欢迎关注我,专注Python、数据分析、数据挖掘、实用工具!
时间序列问题是数据科学中最难解决的问题之一。传统的处理方法如 ARIMA、SARIMA 等,虽然是很好,但在处理具有非线性特性或非平稳时间序列问题时很难取得满意的预测效果。
为了获得更好的预测效果,并且可以简单高效的完成任务,本文中我将分享给大家7个用于处理时间序列问题的 Python 工具包,有所收获,点赞支持,欢迎收藏学习。
本文由技术群粉丝分享,项目源码、数据、技术交流提升,均可加交流群获取,群友已超过2000人,添加时最好的备注方式为:来源+兴趣方向,方便找到志同道合的朋友
方式①、添加微信号:mlc2060,备注:来自CSDN +研究方向
方式②、微信搜索公众号:机器学习社区,后台回复:加群
tsfresh 是一个很棒的 python 包,它可以自动计算大量的时间序列特性,包含许多特征提取方法和强大的特征选择算法。
让我们以获取航空公司乘客的标准数据集为例,来了解tsfresh
# Importing libraries
import pandas as pd
from tsfresh import extract_features, extract_relevant_features, select_features
from tsfresh.utilities.dataframe_functions import impute, make_forecasting_frame
from tsfresh.feature_extraction import ComprehensiveFCParameters, settings
# Reading the data
data = pd.read_csv('../input/air-passengers/AirPassengers.csv')
# Some preprocessing for time component:
data.columns = ['month','Passengers']
data['month'] = pd.to_datetime(data['month'],infer_datetime_format=True,format='%y%m')
data.index = data.month
df_air = data.drop(['month'], axis = 1)
# Use Forecasting frame from tsfresh for rolling forecast training
df_shift, y_air = make_forecasting_frame(df_air["Passengers"], kind="Passengers", max_timeshift=12, rolling_direction=1)
print(df_shift)
数据需要被格式化为如下格式:
# Getting Comprehensive Features
extraction_settings = ComprehensiveFCParameters()
X = extract_features(df_shift, column_id="id", column_sort="time", column_value="value", impute_function=impute,show_warnings=False,default_fc_parameters=extraction_settings)
从上面的输出中,我们可以看到大约创建了800个特征。tsfresh还有助于基于p值的特征选择。更多详细信息可以查看Github:https://github.com/blue-yonder/tsfresh
官方文档 https://tsfresh.readthedocs.io/en/latest/index.html
AutoTS 是一个自动化的时间序列预测库,可以使用简单的代码训练多个时间序列模型,此库的一些最佳功能包括:
让我们以苹果股票数据集为例,更详细地了解一下:
# Loading the package
from autots import AutoTS
import matplotlib.pyplot as plt
import pandas as pd
# Reading the data
df = pd.read_csv('../input/apple-aapl-historical-stock-data/HistoricalQuotes.csv')
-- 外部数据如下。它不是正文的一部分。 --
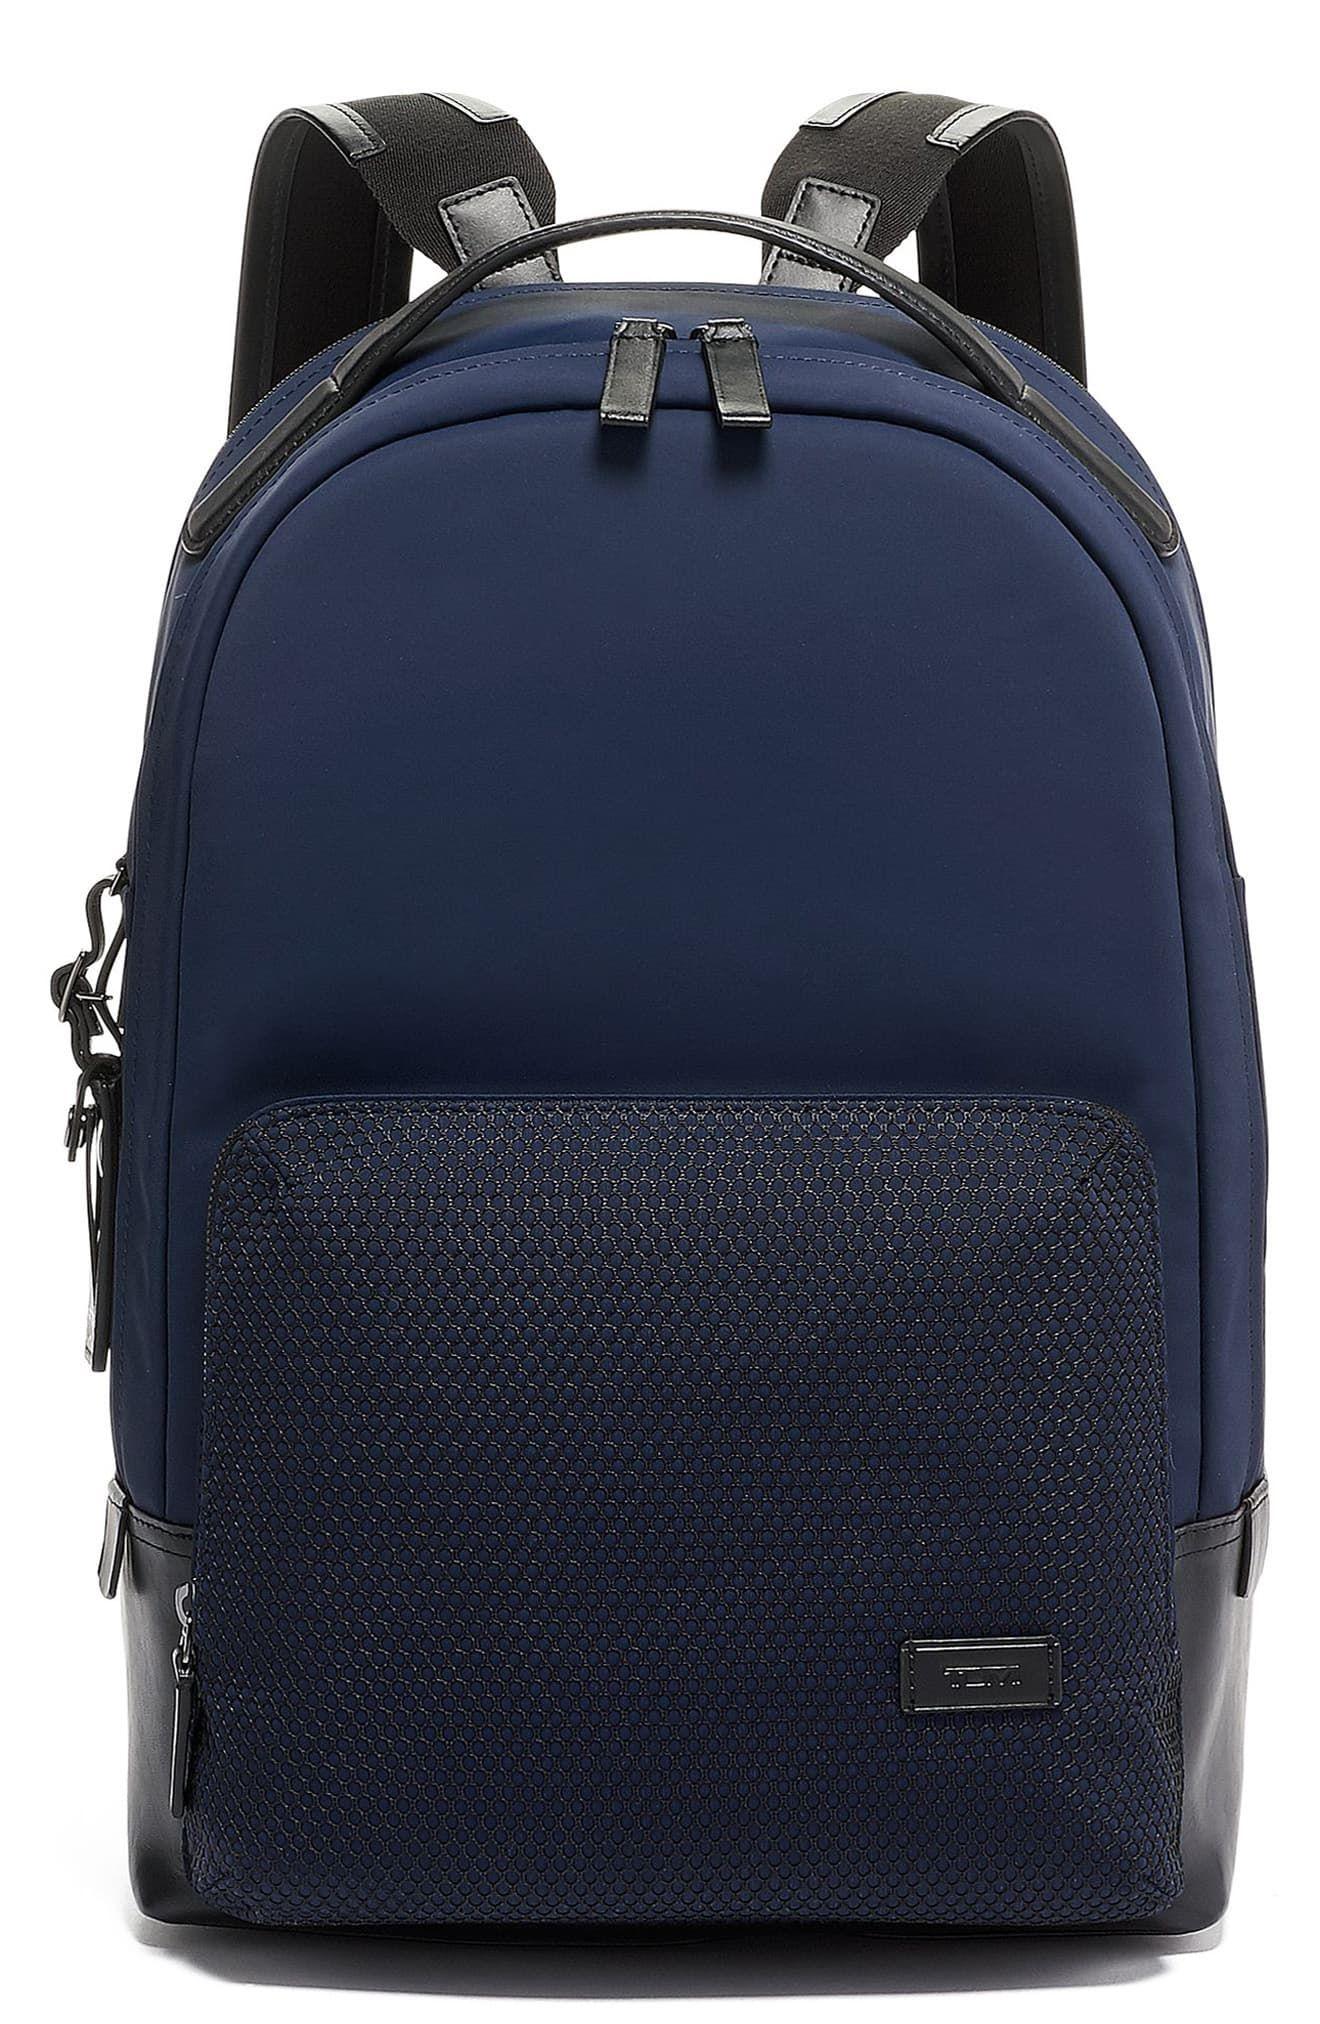 3e295f1b2d69 Harrison Webster Backpack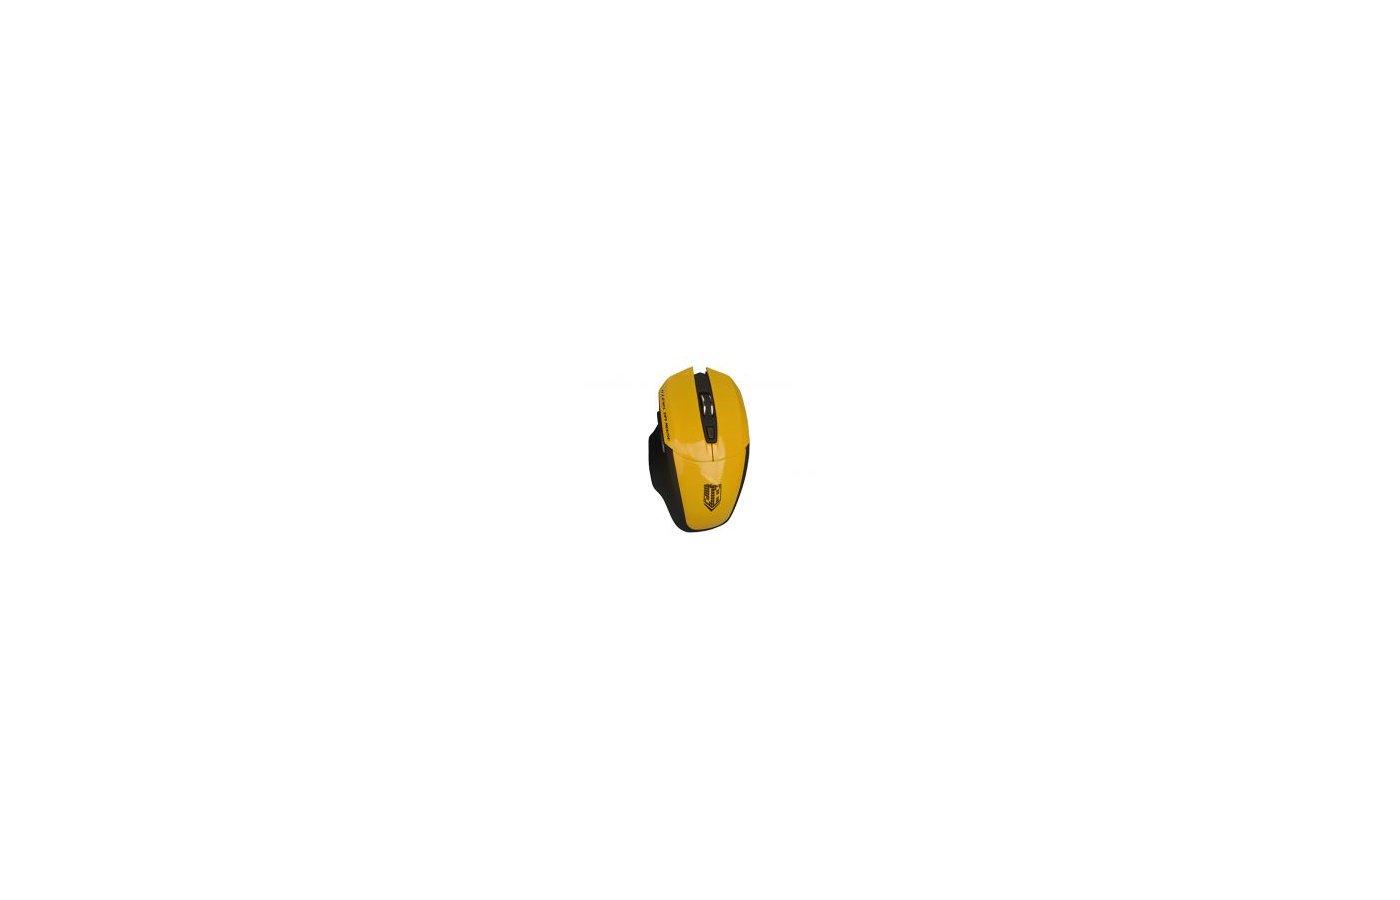 Мышь беспроводная Jet.A OM-U38G Yellow Comfort (1200/1600/2000 dpi, 5 кнопок, USB, бат. ААА 2шт)

# Doing some preprocessing
def remove_dollar(x):
return x[2:]
df[' Close/Last'] = df[' Close/Last'].apply(remove_dollar)
df[' Close/Last'] = df[' Close/Last'].astype(float)
df['Date'] = pd.to_datetime(df['Date'])
# Plot to see the data:
df = df[["Date", " Close/Last"]]
df["Date"] = pd.to_datetime(df.Date)
temp_df = df.set_index('Date')
temp_df[" Close/Last"].plot(figsize=(12, 8), title="Apple Stock Prices", fontsize=20, label="Close Price")
plt.legend()
plt.grid()
plt.show()
model = AutoTS(forecast_length=40, frequency='infer', ensemble='simple', drop_data_older_than_periods=100)
model = model.fit(df, date_col='Date', value_col=' Close/Last', id_col=None)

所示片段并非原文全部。